The Tower of Death cma-2

Home > Science > The Tower of Death cma-2 > Page 14
The Tower of Death cma-2 Page 14

by Andrew J Offutt

“Nothing!” the flame-haired giant said explosively. “We saw nothing! No sign of wrecked ships, not even a plank. And no slain men, sucked dry or otherwise.”

  Cormac made a sympathetic face and gave his head a jerk. “Will ye be ready to-morrow evening?”

  “Aye,” Wulfhere nodded. “To-morrow e’en. And… I’ll not be sleeping in our chamber this night, again.

  “My chamber,” Cormac corrected. “Not a married lady, I hope.”

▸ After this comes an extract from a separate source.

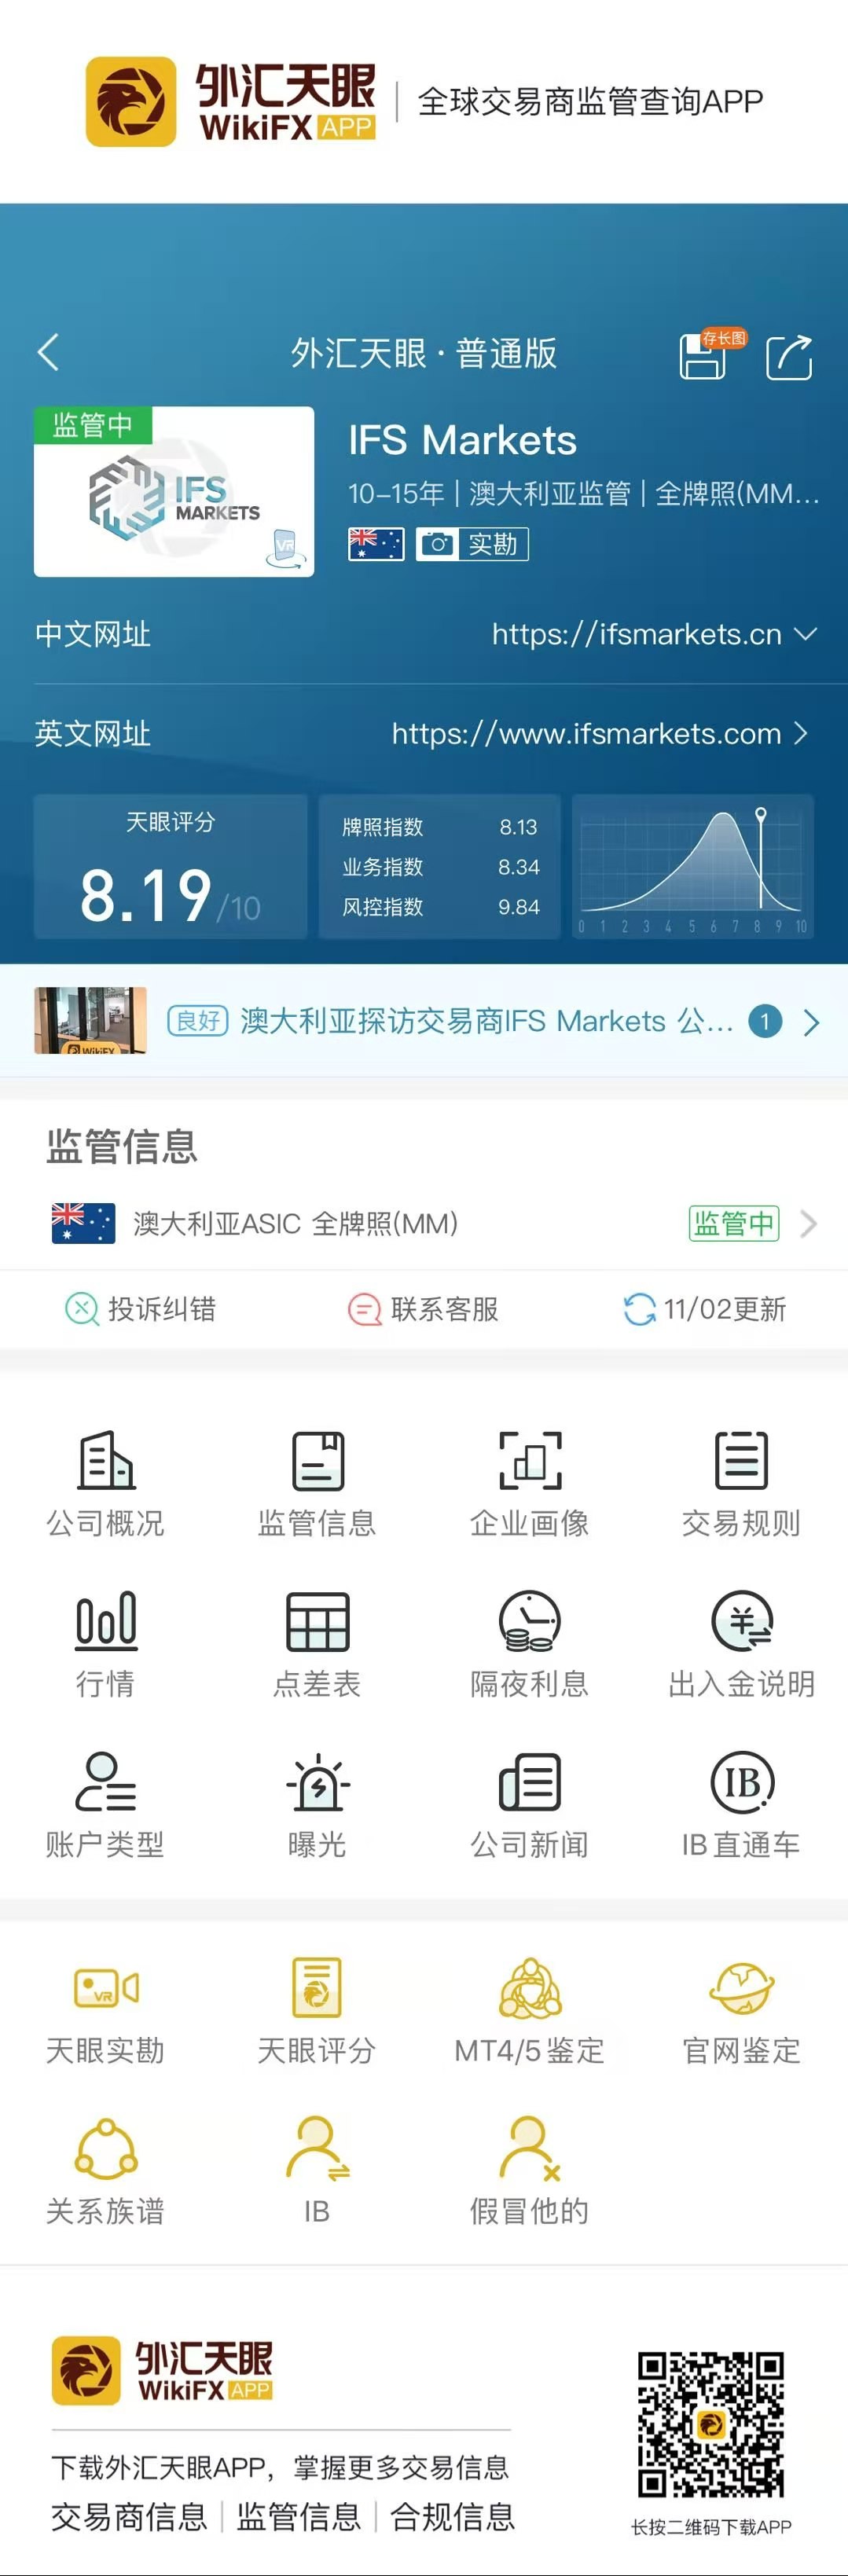 深圳IFSForeign exchange platform investment agency gold50return35426 / author:wallstreetpigs / PostsID:1583920

  “Frey’s stones, No! Neither of them!”

  As they were finishing dinner, Zarabdas quietly let Cormac know that he would have converse. The Gael was none loath and they went outside for a walk about the grounds of the king’s hall. The sky was still a deep slate colour, rather than black. They talked, but nothing was said.

  “Was you suggested a talk,” Cormac said at last, “but we talk not. It’s but tentatively feinting each of us is, and almost desperately parrying. Methinks is because neither of us really wishes to tell the other aught of his knowledge and arcane powers.” Of which I have none, Cormac added, but only in his own mind.

  “Straightforward words. And true. Might one ask how came ye by the medallion ye showed us?”

  Cormac but smiled, very slightly. He could be seen; it was answer enow.

  “Well then… might I see it again, now we are sure we serve the same king?”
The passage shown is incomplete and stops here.